EXERCISE INSTRUCTIONS:
Line count for "Color": report how many lines in this material hold that string, with the number alone as the answer.

[EXERCISE DATA — start]

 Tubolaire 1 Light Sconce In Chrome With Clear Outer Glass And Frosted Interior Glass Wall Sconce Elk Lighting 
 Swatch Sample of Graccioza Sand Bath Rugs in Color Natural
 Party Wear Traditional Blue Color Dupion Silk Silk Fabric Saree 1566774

[EXERCISE DATA — finish]
[EXERCISE DATA — start]

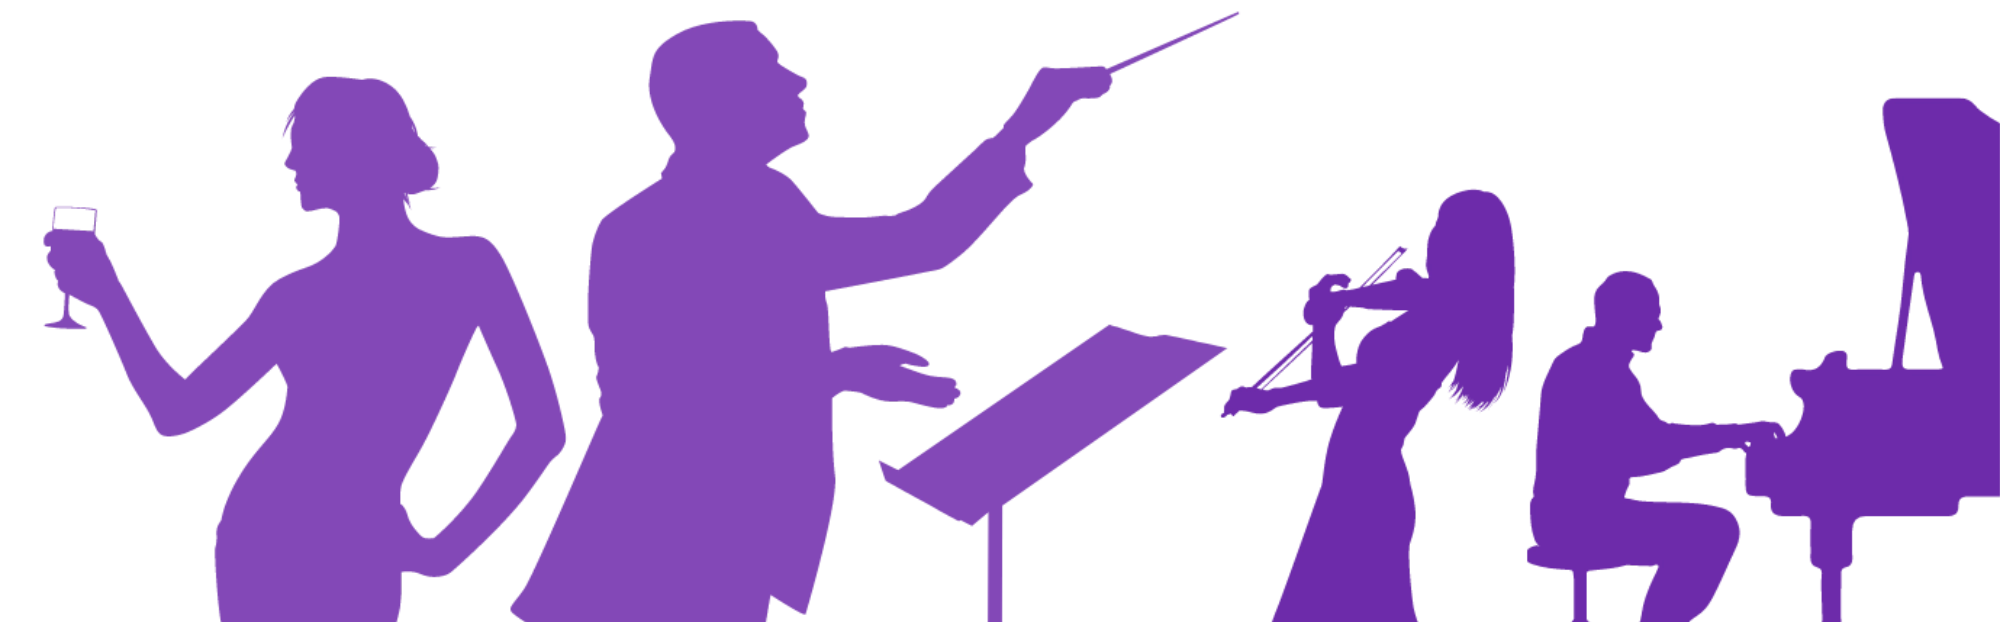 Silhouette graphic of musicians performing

[EXERCISE DATA — finish]
[EXERCISE DATA — start]

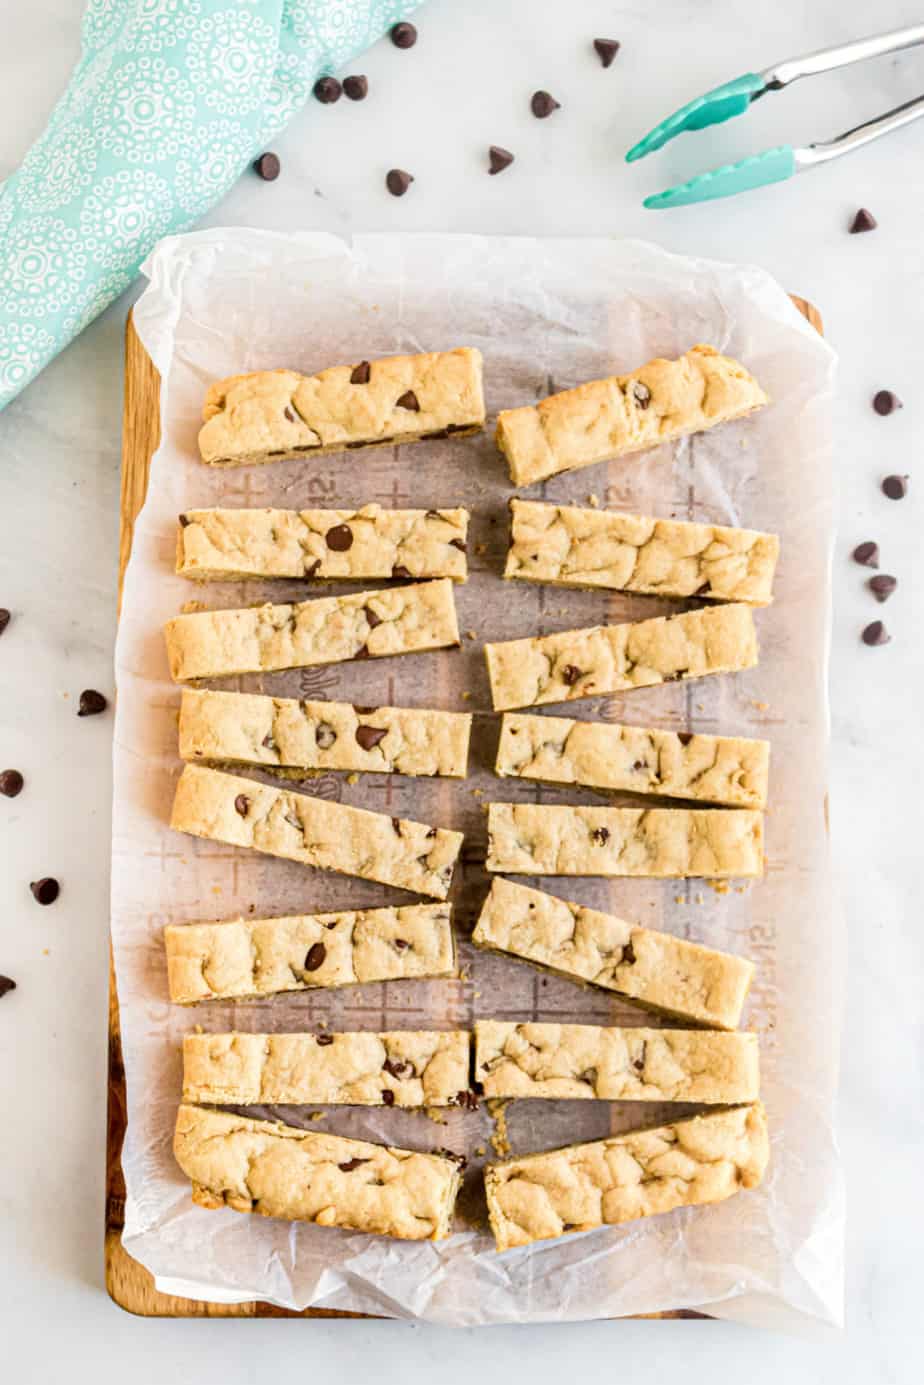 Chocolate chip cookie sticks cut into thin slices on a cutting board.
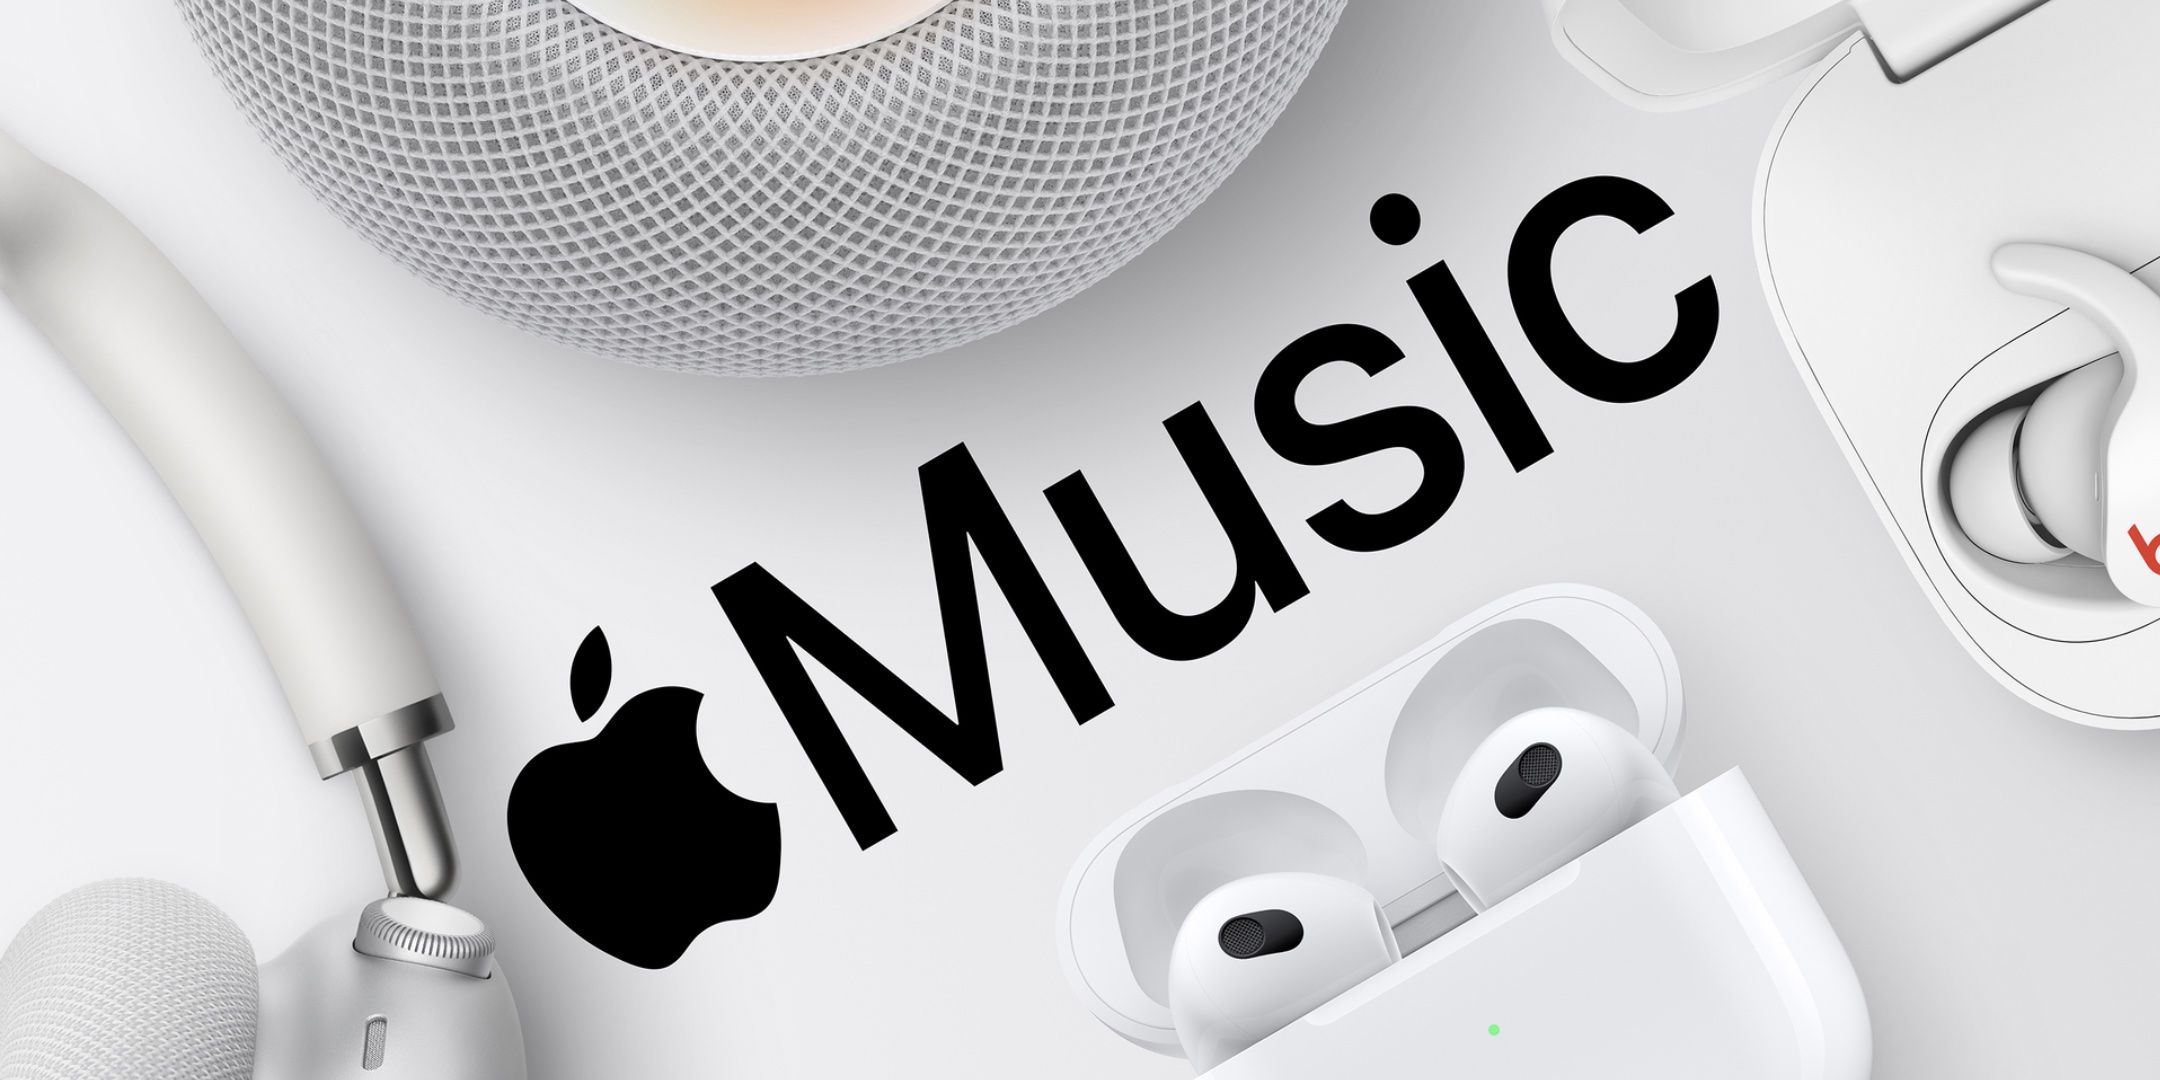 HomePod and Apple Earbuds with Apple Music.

[EXERCISE DATA — finish]

WRITTEN RESPONSE:
2